*Exercise goal*.
Beginning with the line containing "Le paysage urbain" and ending with the line containing "L'œuvre d'art est", write out each line of the records below exactly; pictures and lines outside that range are left out.

*Records for the exercise*.
Content starts
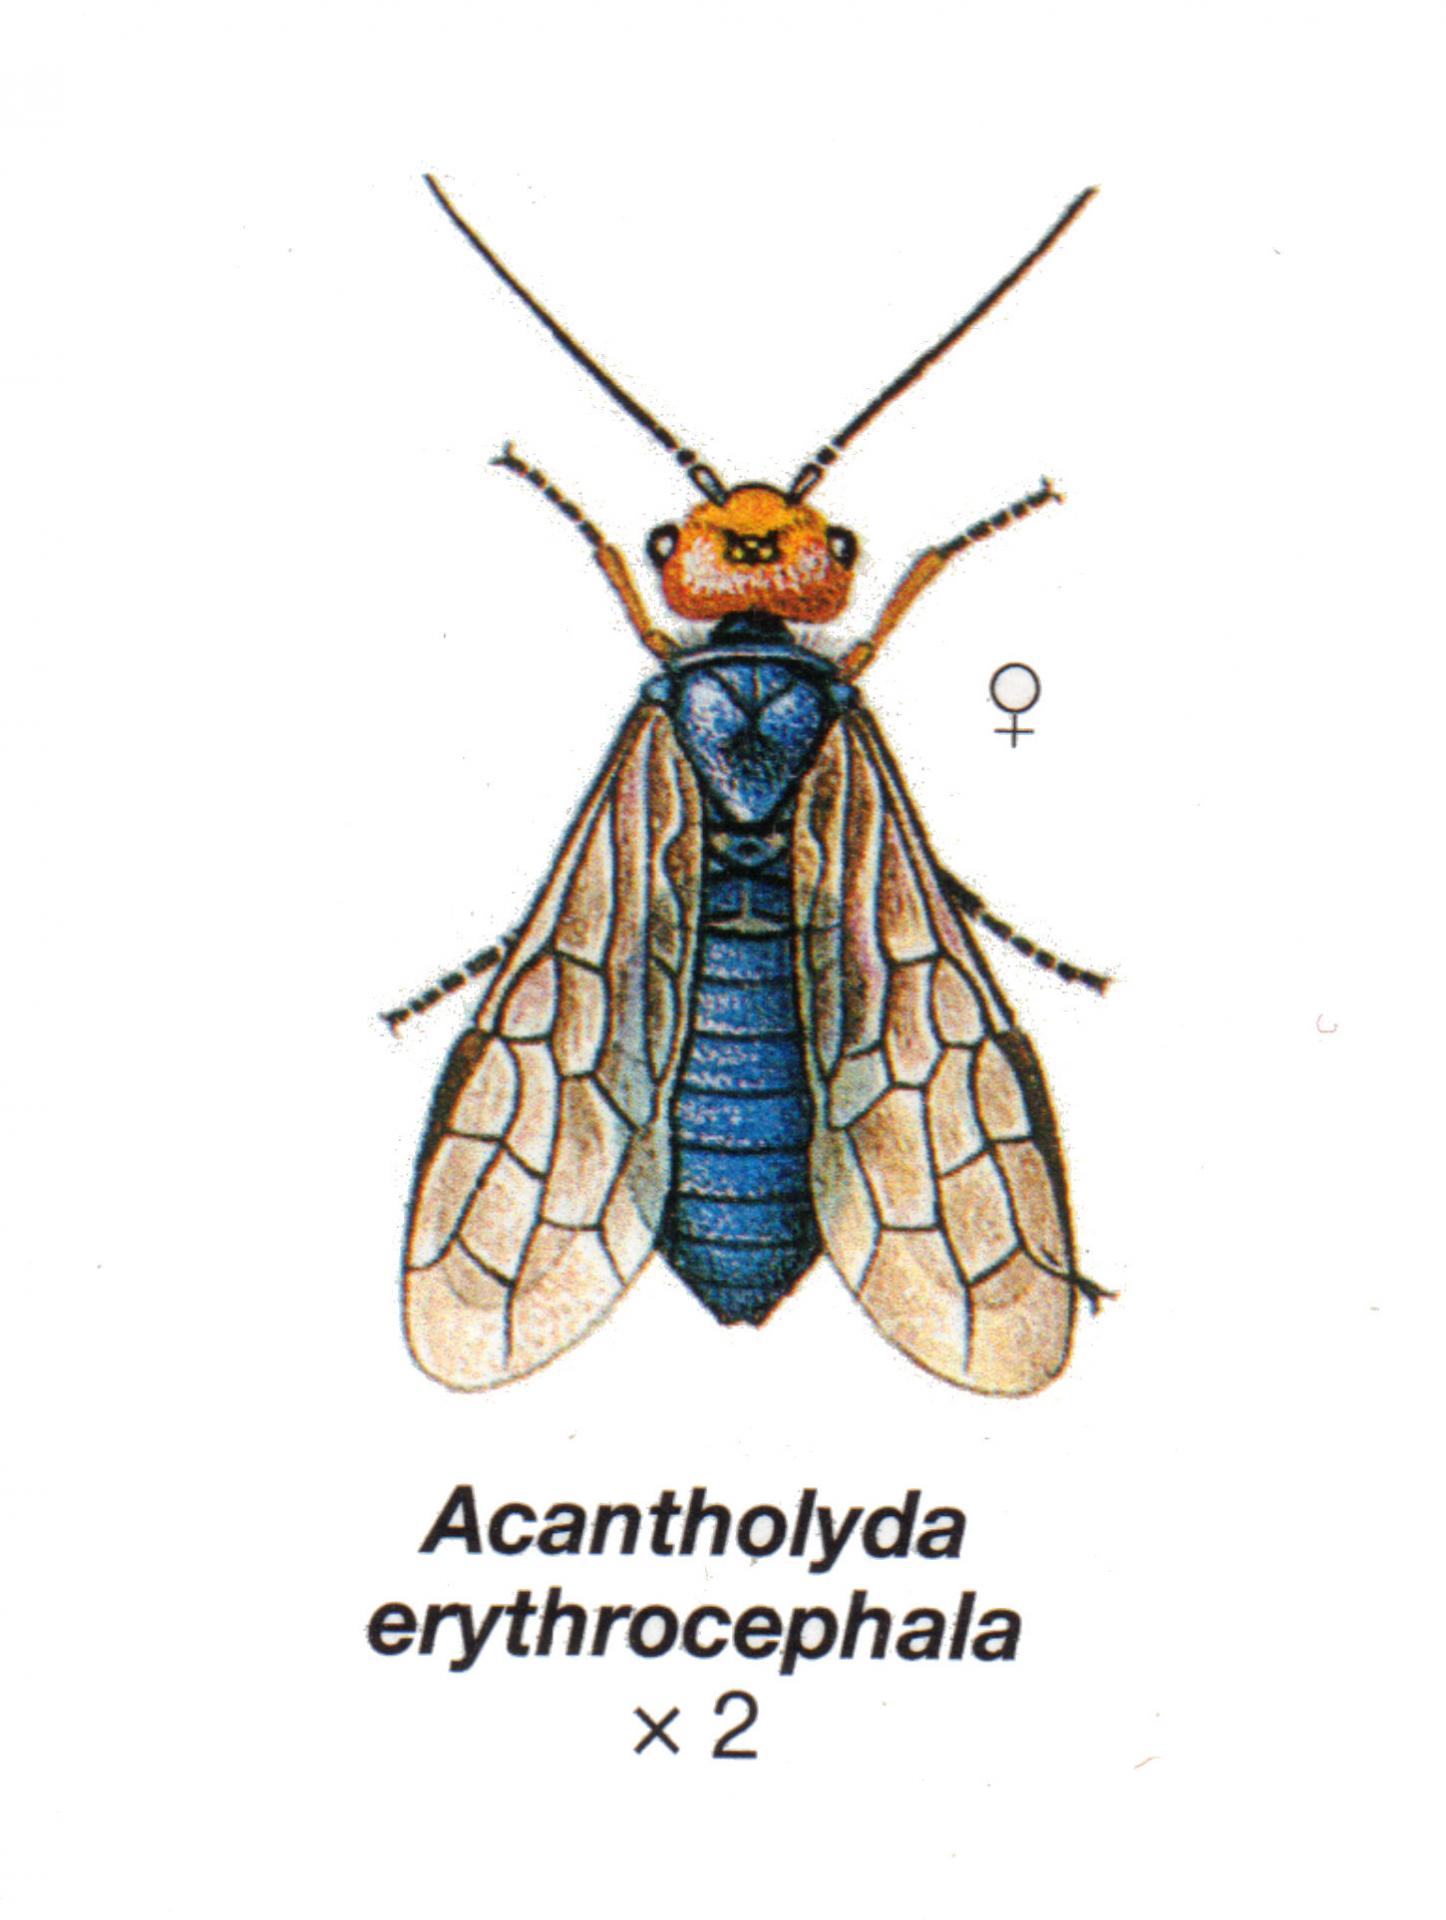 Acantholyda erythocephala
Content ends
Content starts
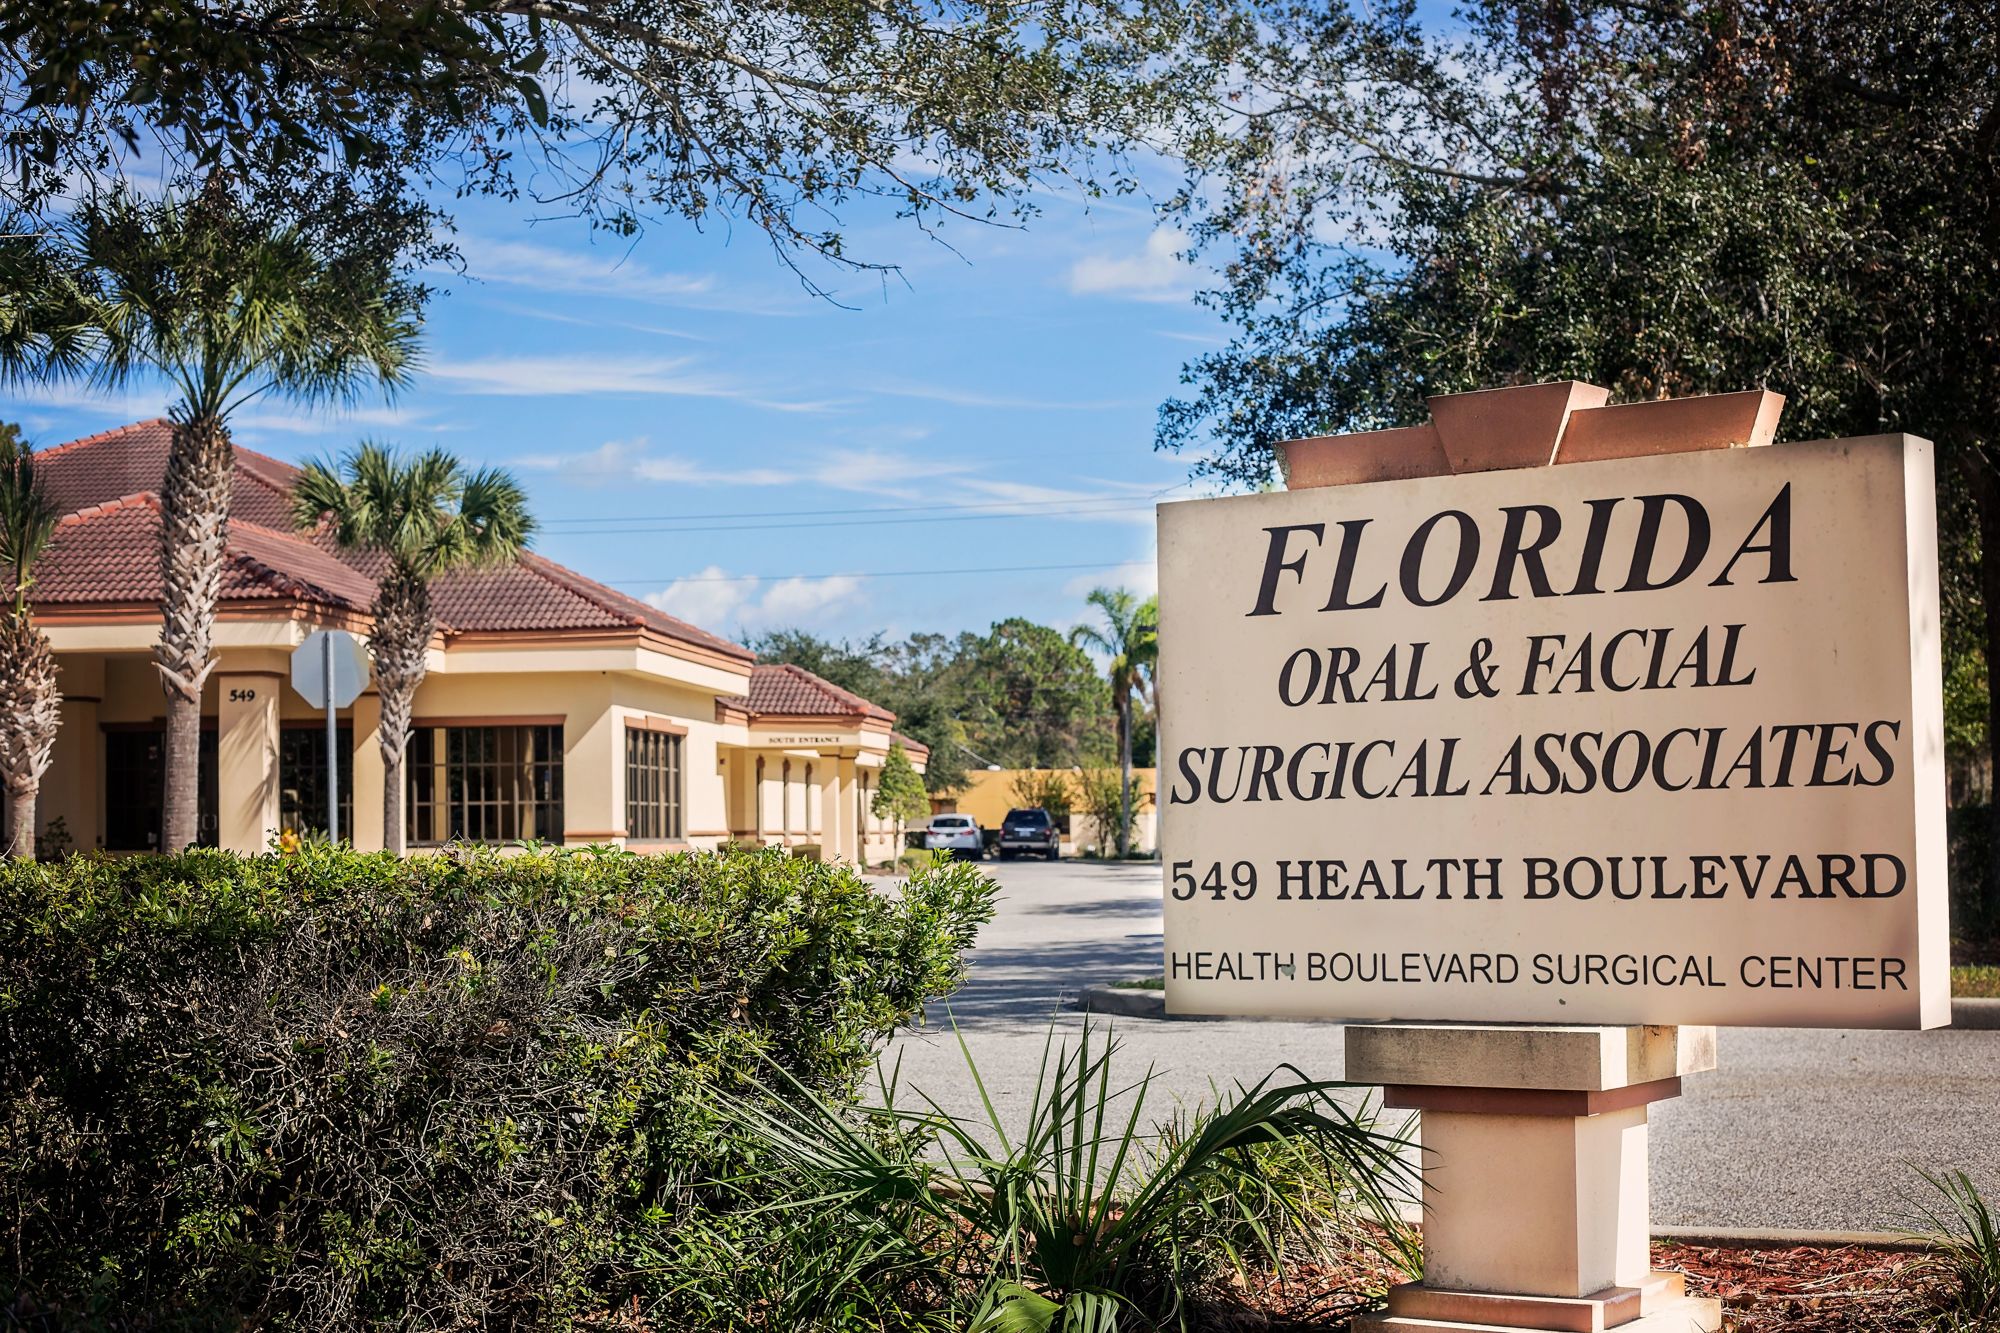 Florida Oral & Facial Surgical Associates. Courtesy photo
Content ends
Content starts
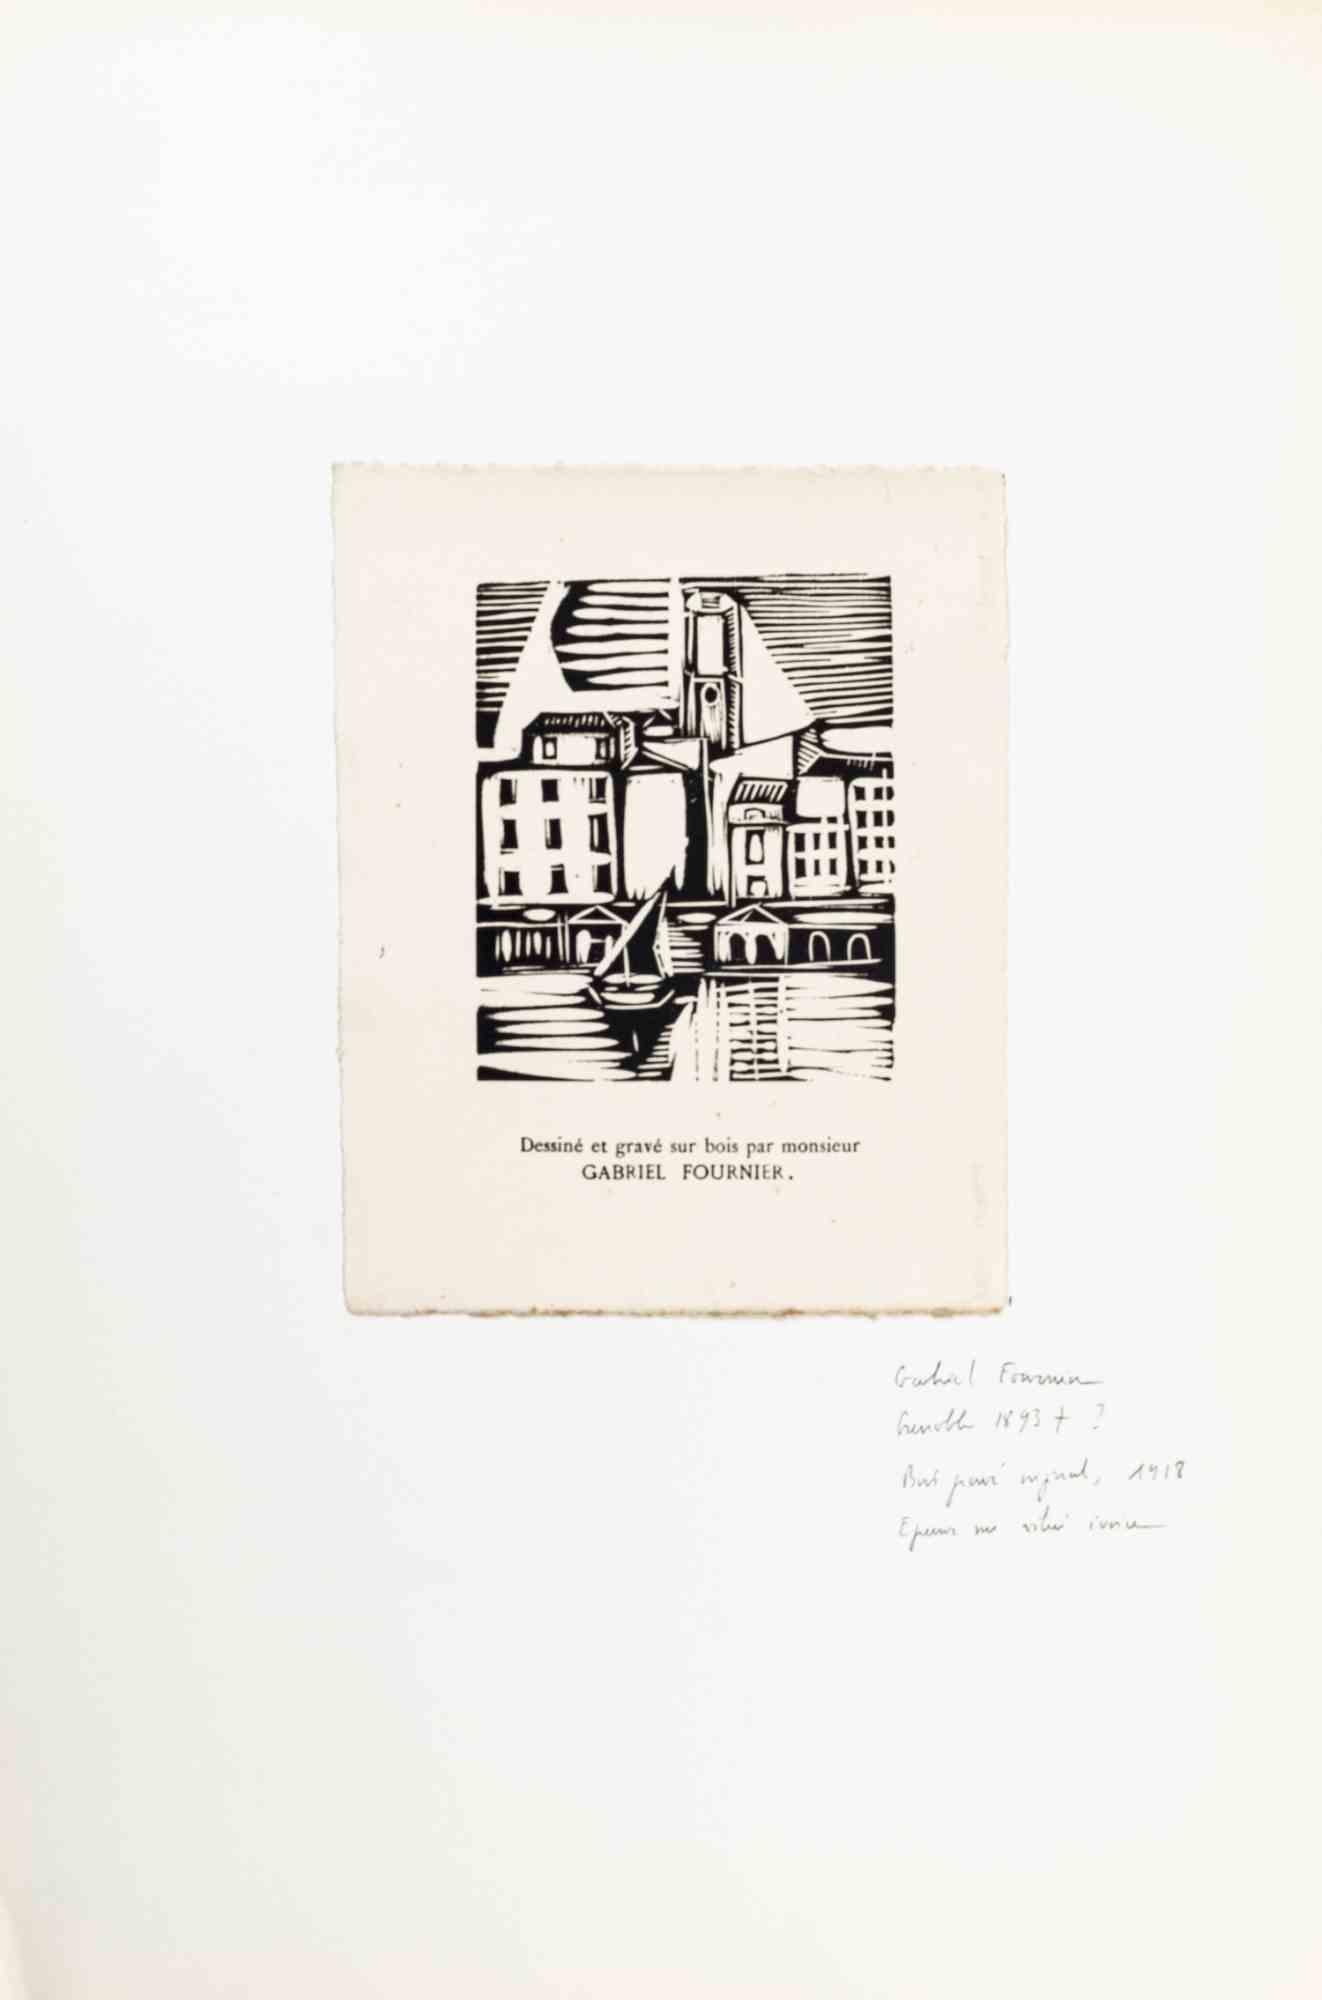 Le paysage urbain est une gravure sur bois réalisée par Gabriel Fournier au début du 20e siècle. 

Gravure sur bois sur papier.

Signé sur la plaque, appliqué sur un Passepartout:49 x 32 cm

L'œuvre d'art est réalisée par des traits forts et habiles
Content ends
*Your response*.
 Le paysage urbain est une gravure sur bois réalisée par Gabriel Fournier au début du 20e siècle. 

Gravure sur bois sur papier.

Signé sur la plaque, appliqué sur un Passepartout:49 x 32 cm

L'œuvre d'art est réalisée par des traits forts et habiles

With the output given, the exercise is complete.